--- EXERCISE DATA ---
== == ==

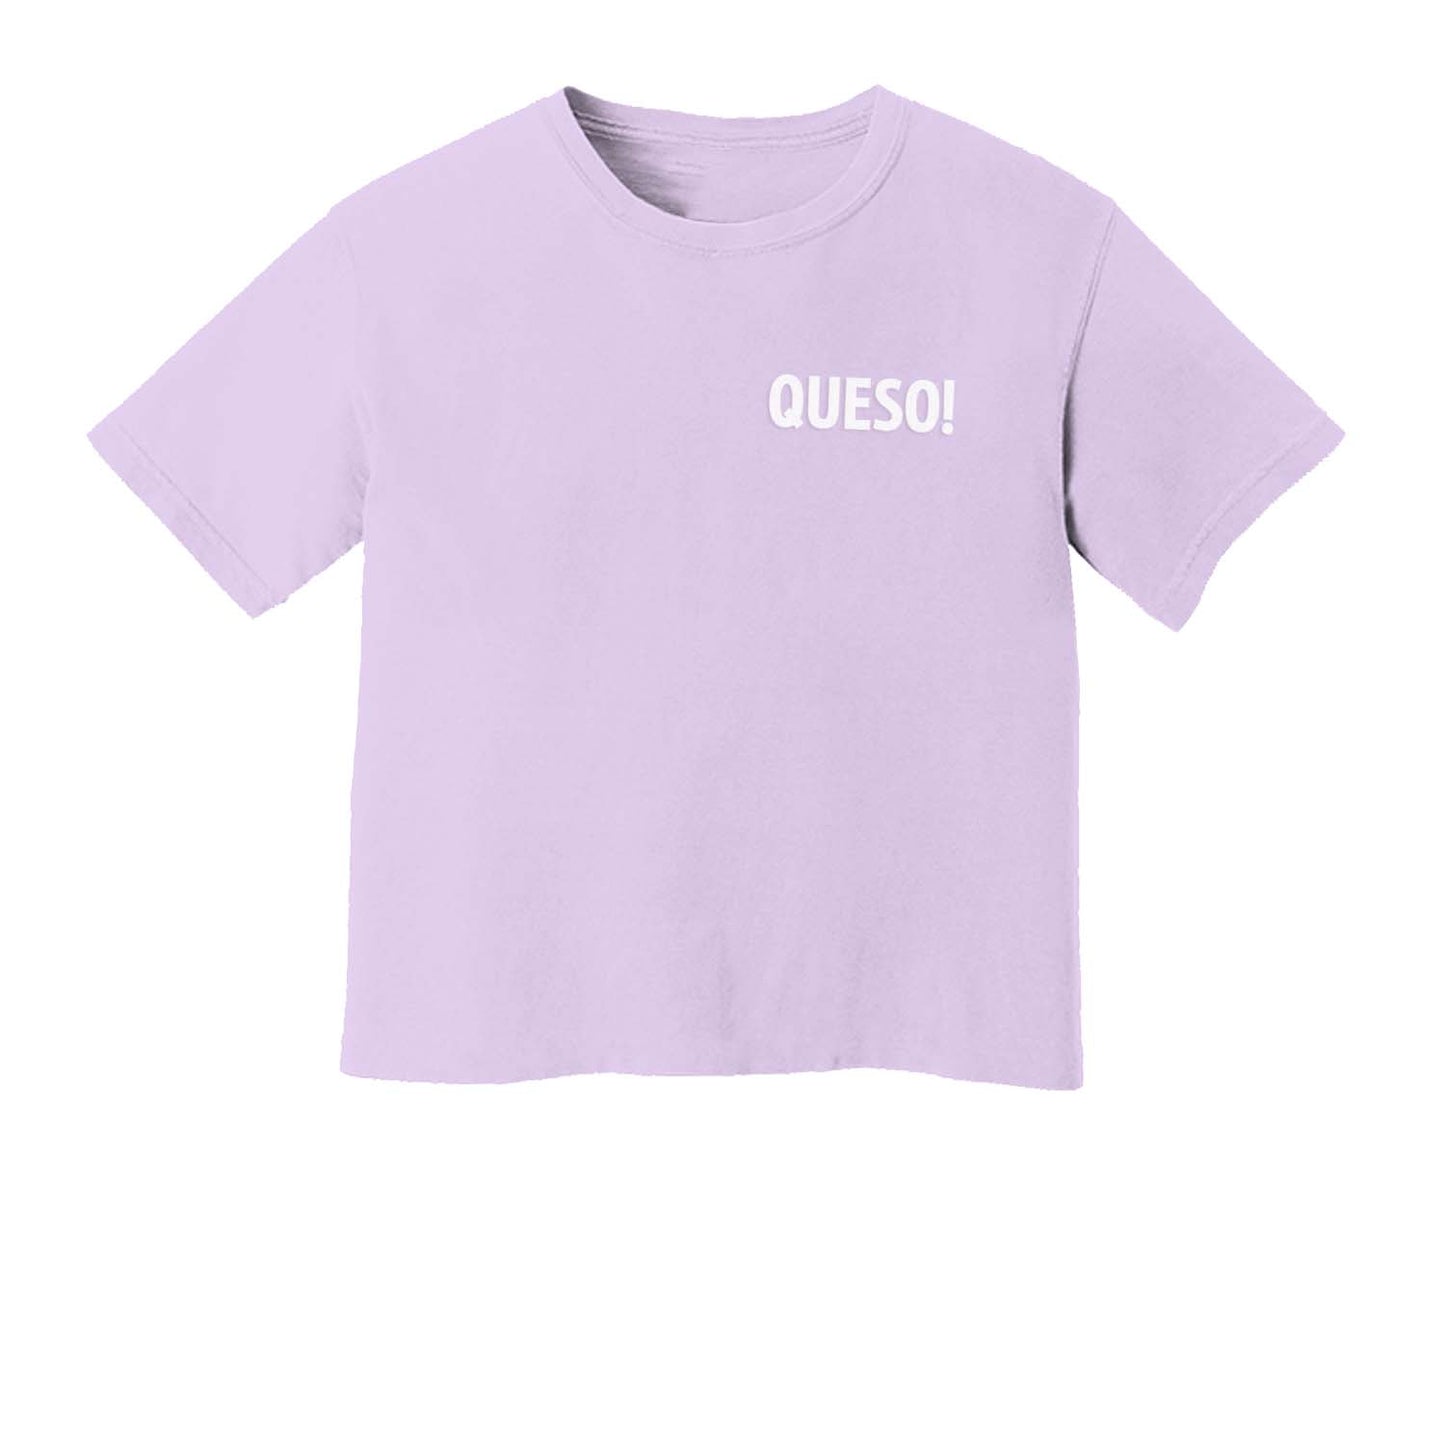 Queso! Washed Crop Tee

== == ==

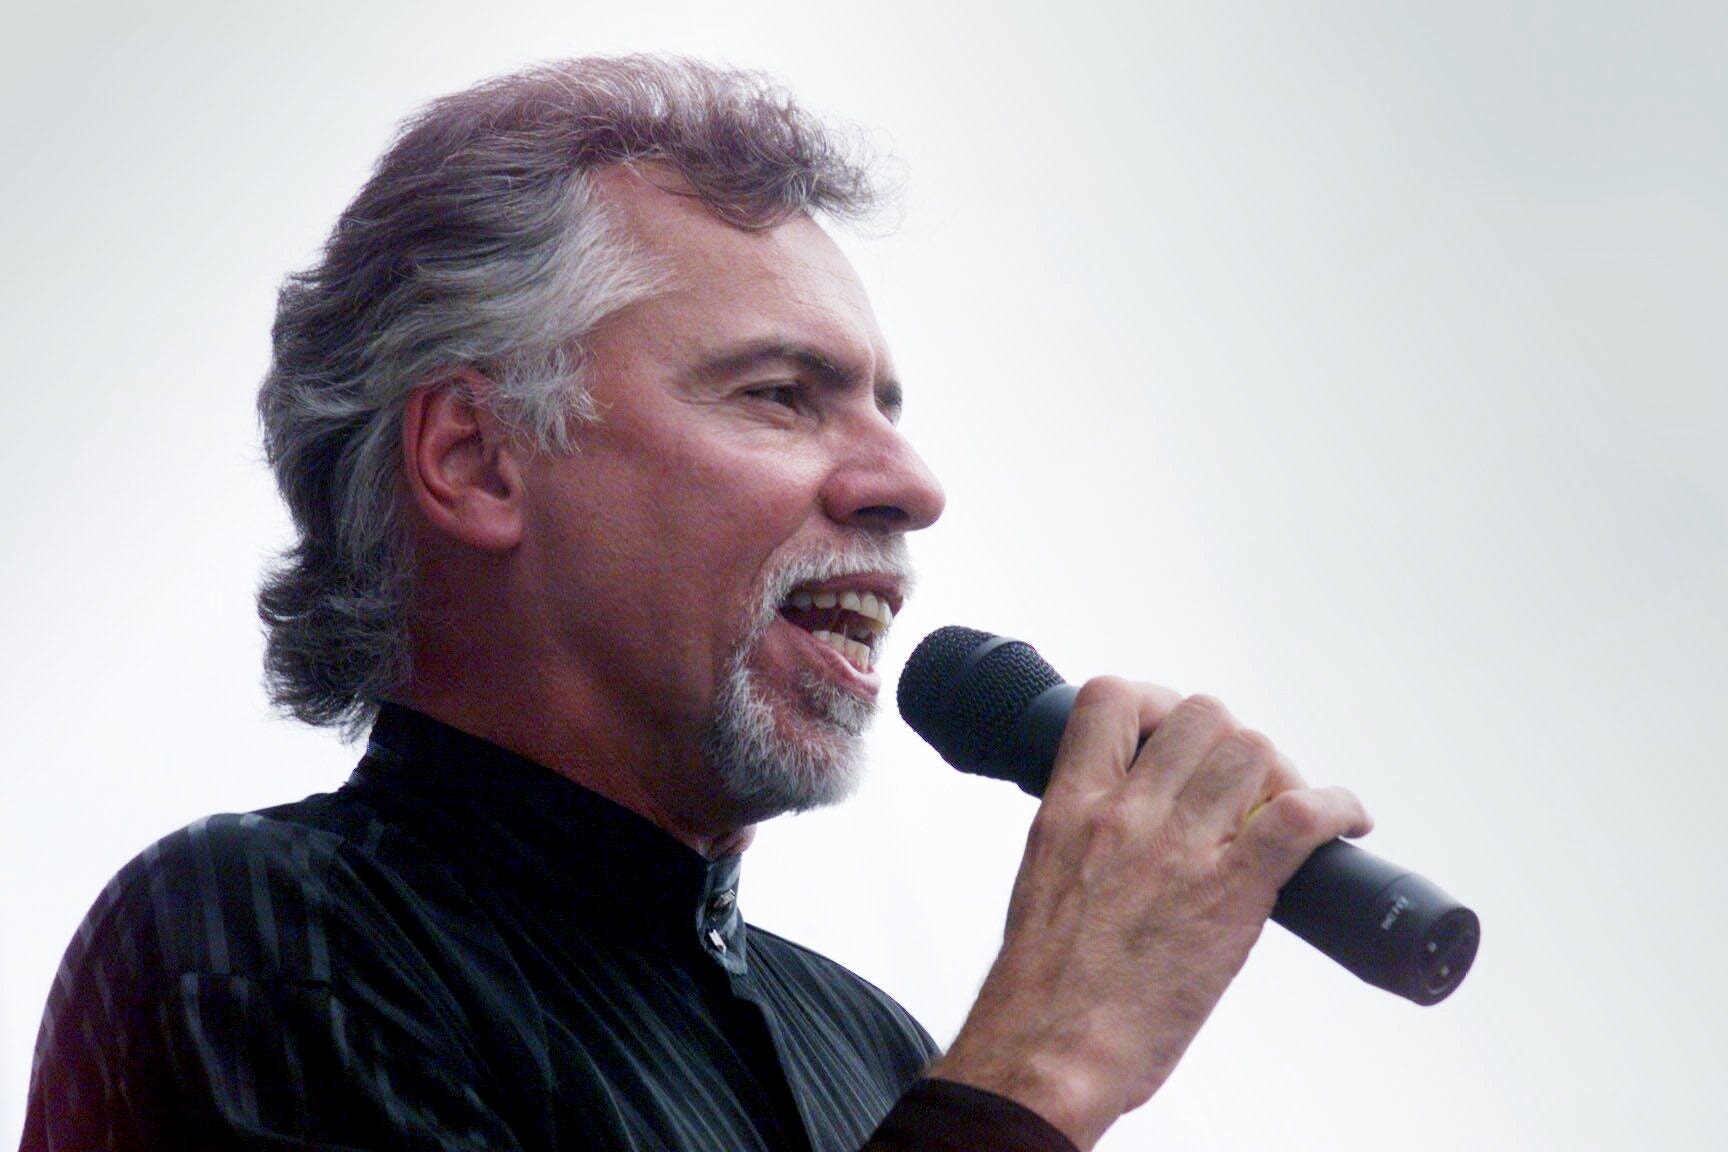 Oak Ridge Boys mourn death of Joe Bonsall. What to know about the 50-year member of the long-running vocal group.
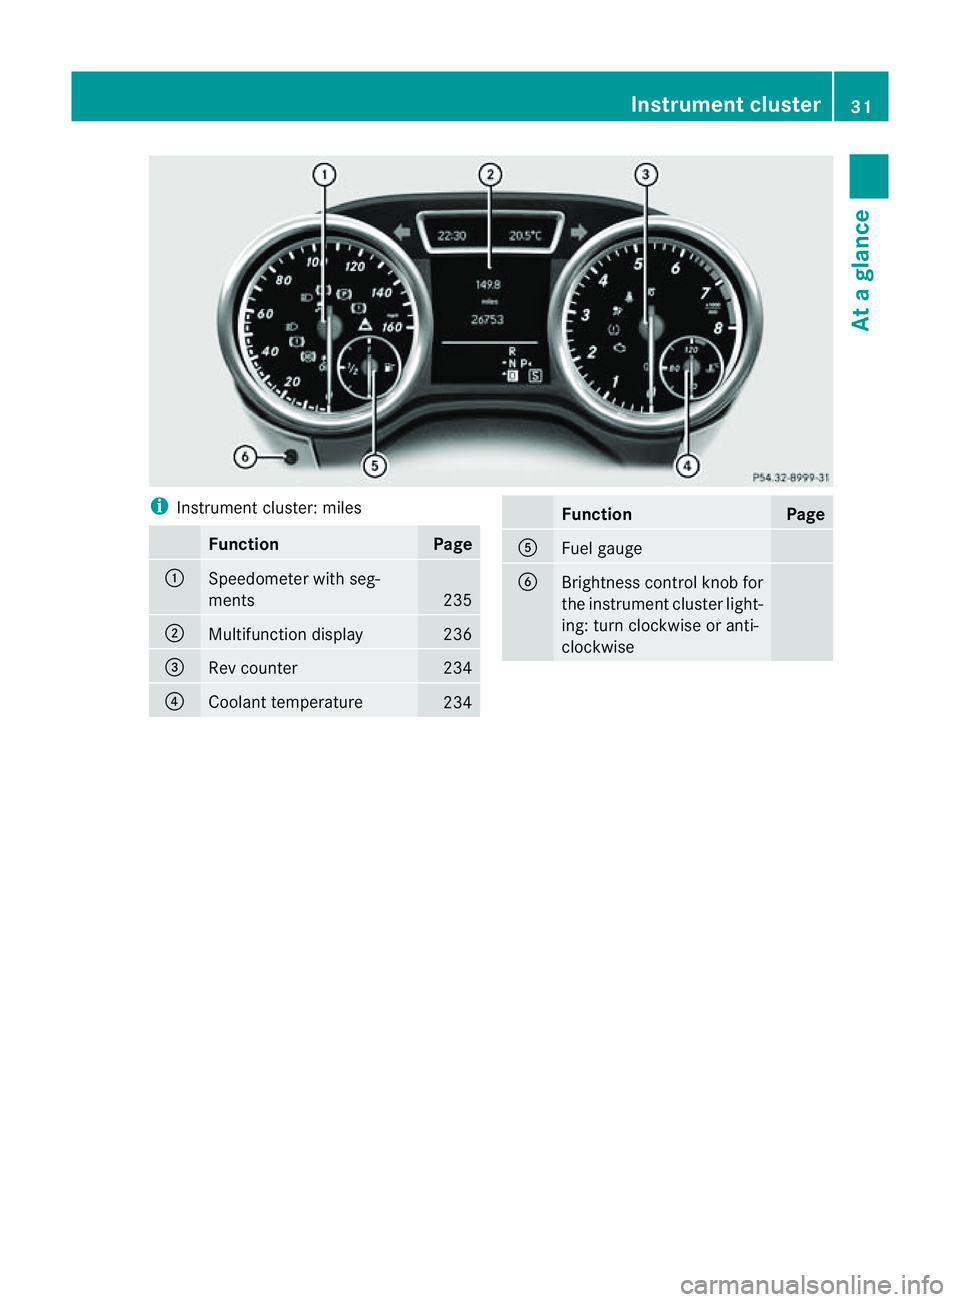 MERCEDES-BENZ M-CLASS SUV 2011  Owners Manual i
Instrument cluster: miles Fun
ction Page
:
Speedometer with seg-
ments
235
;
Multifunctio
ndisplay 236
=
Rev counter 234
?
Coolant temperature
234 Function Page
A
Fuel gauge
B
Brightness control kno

== == ==

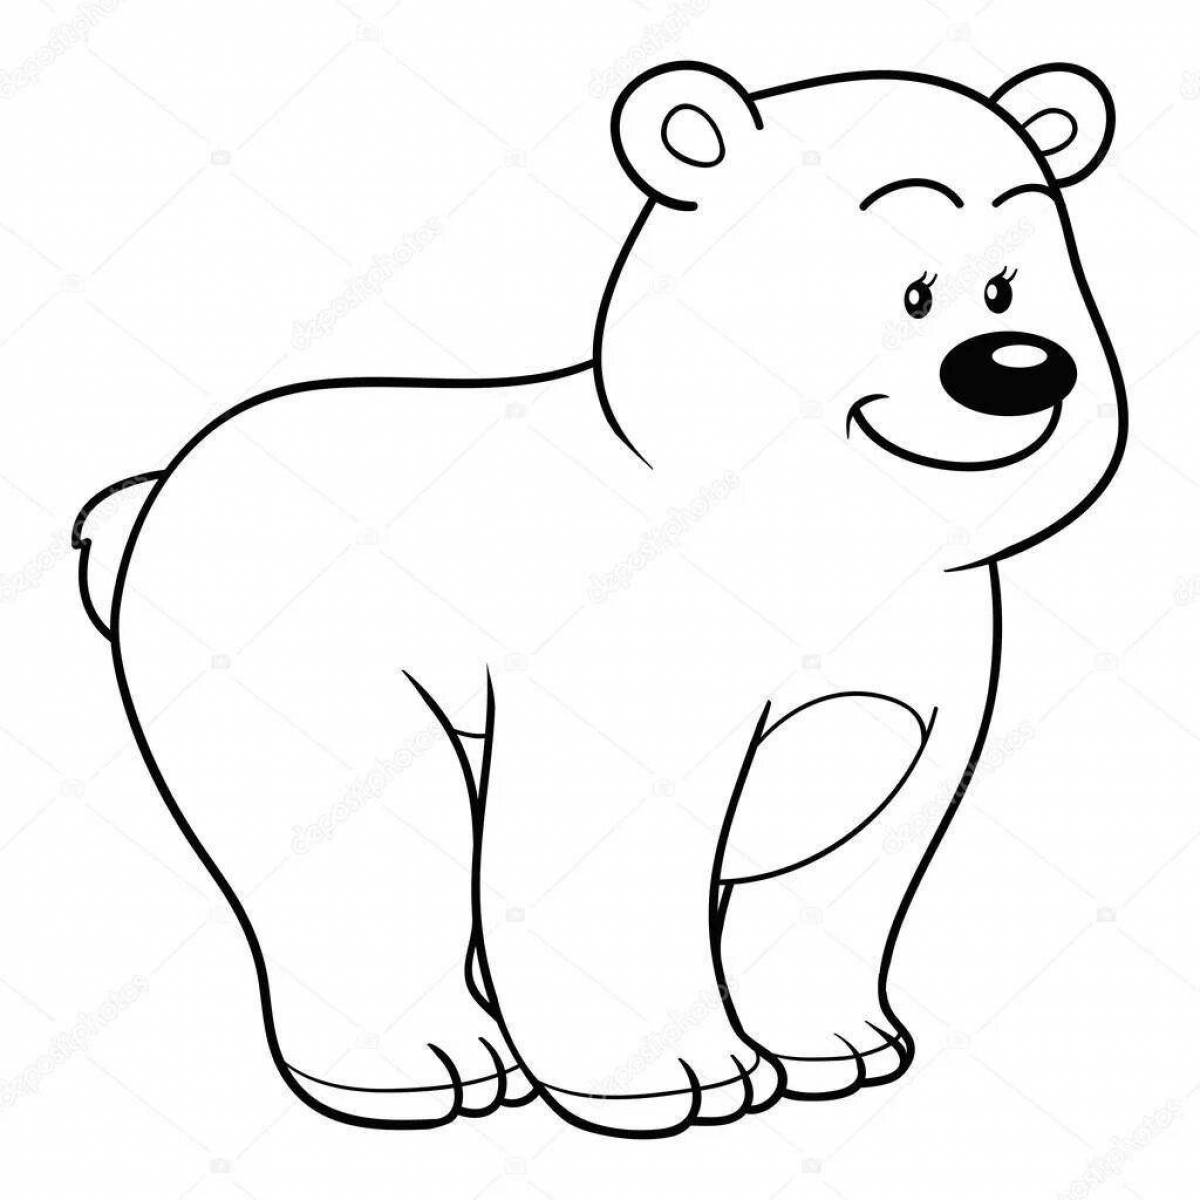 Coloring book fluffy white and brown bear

== == ==

--- HOW TO COMPLETE THIS TASK ---
Both the line containing "Instrument cluster: miles Fun" and the line containing "Brightness control kno" belong in the answer. Print them and every line above that falls between them exactly, and no others.

--- RESULT ---
Instrument cluster: miles Fun
ction Page
:
Speedometer with seg-
ments
235
;
Multifunctio
ndisplay 236
=
Rev counter 234
?
Coolant temperature
234 Function Page
A
Fuel gauge
B
Brightness control kno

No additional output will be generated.